Timer coalescing — protecting the silence
Idle is fragile. If ten different processes each wake up at slightly different times once per second, the CPU never gets a long enough quiet stretch to enter deep C-states. Wake, work, sleep, wake, work, sleep — and the deep idle states are never amortized.
Modern kernels fight this with timer coalescing: deferrable timers, hrtimer slack, and tickless idle (NO_HZ/NO_HZ_FULL on Linux) align wakeups so the system handles a burst of activity then stays quiet. The same idea on Windows lets a laptop battery survive an open browser; without it, one badly-written app polling every 30 ms can halve battery life without ever showing up meaningfully in a CPU% graph. The crime isn’t CPU consumption — it’s preventing rest.
Busy-wait is a lie to the scheduler
This connects to a userspace pattern that matters more than people realize. If an application has nothing to do, it should block — epoll, select, a condition variable, a futex, anything that takes the thread off the runqueue. When it does, the scheduler picks the idle thread, and the core can sleep.
If it instead spins (while (!flag) {}), the thread looks runnable. The scheduler dutifully runs it. The idle thread never gets a turn. The CPU never sleeps. Battery dies, fan spins up, and CPU% might still look reasonable because the spinner is “doing work.” This is why busy-waiting is forbidden in any code that runs on battery-powered or shared hardware — the cost isn’t measured in cycles, it’s measured in C-state residency.

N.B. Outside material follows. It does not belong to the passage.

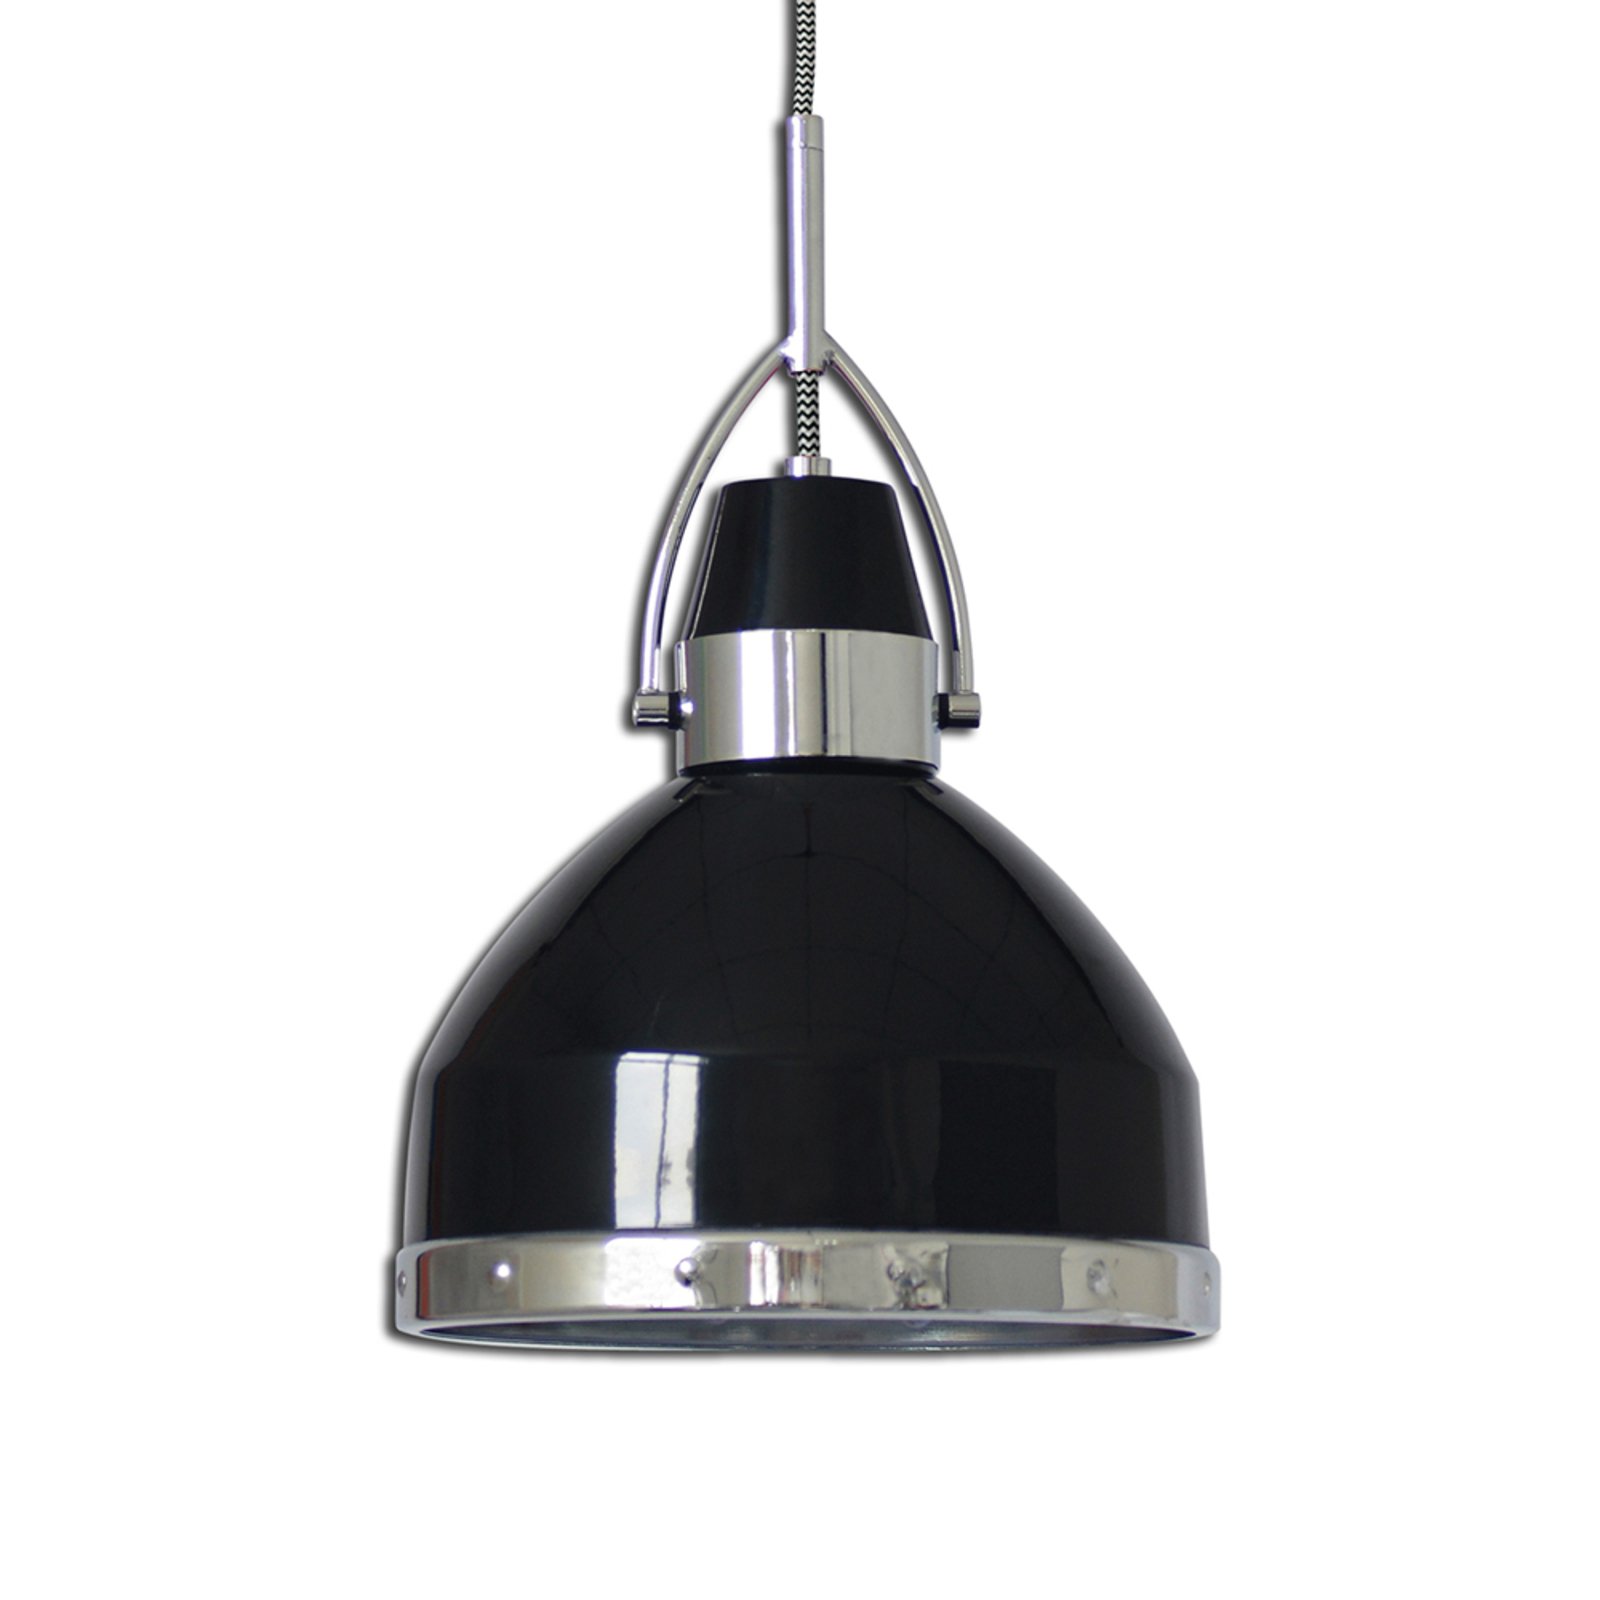 Industrijski dizajnirana viseća lampa Britta, crna

Hybrid cores: P-cores and E-cores
Recent x86 (Intel 12th gen+) and ARM (big.LITTLE) systems make idle decisions even richer. The scheduler can:
- Park entire cores so they enter the deepest possible state, rather than spreading load thinly across many awake cores.
- Prefer efficiency cores for background work, keeping performance cores asleep for foreground bursts.

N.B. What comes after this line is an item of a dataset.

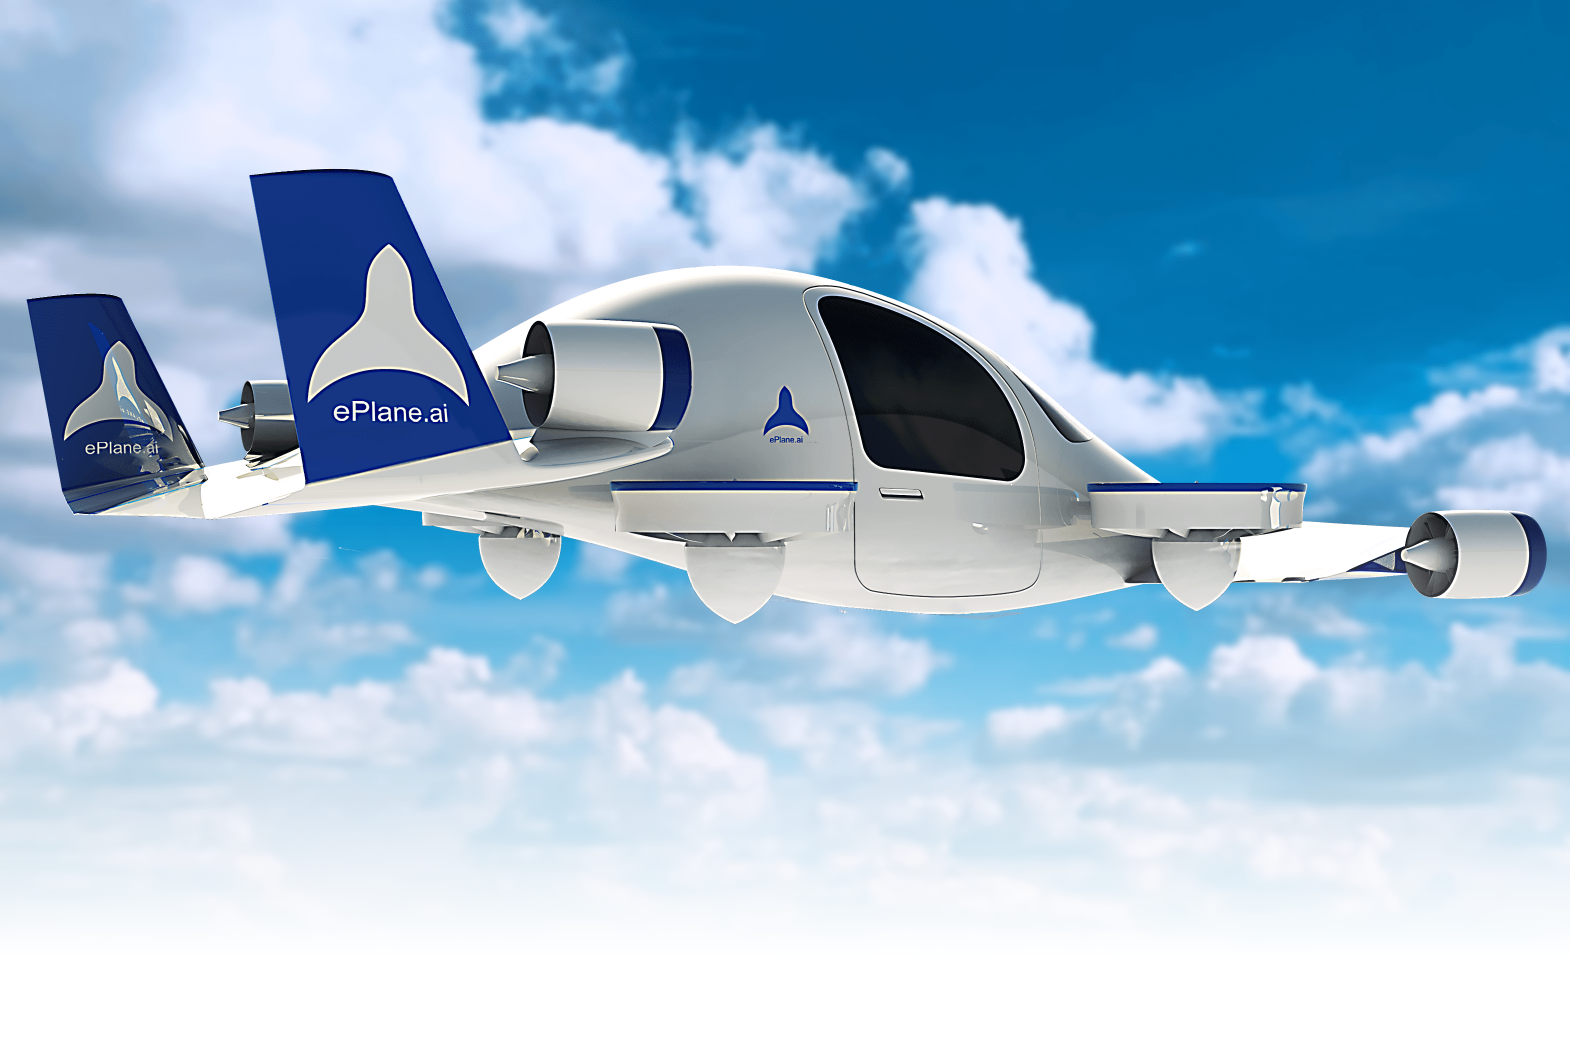 Le fondateur d'ePlane a déclaré que l'entreprise prévoyait de sortir le premier prototype du taxi aérien d'ici la fin de 2024, et de lancer la commercialisation à grande échelle en Inde en 2027

- Route latency-sensitive threads to whichever core is already awake, avoiding a wake-up event entirely.
The optimization target isn’t “balanced utilization” anymore — it’s “as much silicon asleep as possible, as deeply as possible, for as long as possible.”
Why this matters in practice
- Laptops: modern idle is ~95% of wall-clock time even on a “busy” machine. C-state residency directly determines battery life. A misbehaving driver that prevents deep sleep can halve it.
- Servers: datacenters care about the same thing at scale, and additionally about boost headroom — one core staying in C0 with a polling loop steals thermal budget from cores doing actual work.
- Real-time / latency-sensitive: you sometimes want to forbid deep C-states (
intel_idle.max_cstate=1,idle=poll) to keep wake latency predictable, accepting the power cost. - Misreading Task Manager: the “System Idle Process” at 99% isn’t a runaway process — it’s the accounting record for time the CPU had nothing to do. High idle is good news.
TL;DR: an idle CPU isn’t spinning — it’s executing one privileged instruction (
HLT,WFI, orMWAIT) that gates its clocks and waits for a hardware event. The kernel’s idle task picks how deep to sleep based on a prediction of how soon it’ll be needed. On a modern power-managed chip, idle isn’t wasted time — it’s the asset that buys you battery life, thermal headroom, and the boost clock you’ll need next. “Do nothing” is one of the most performance-critical things a chip does.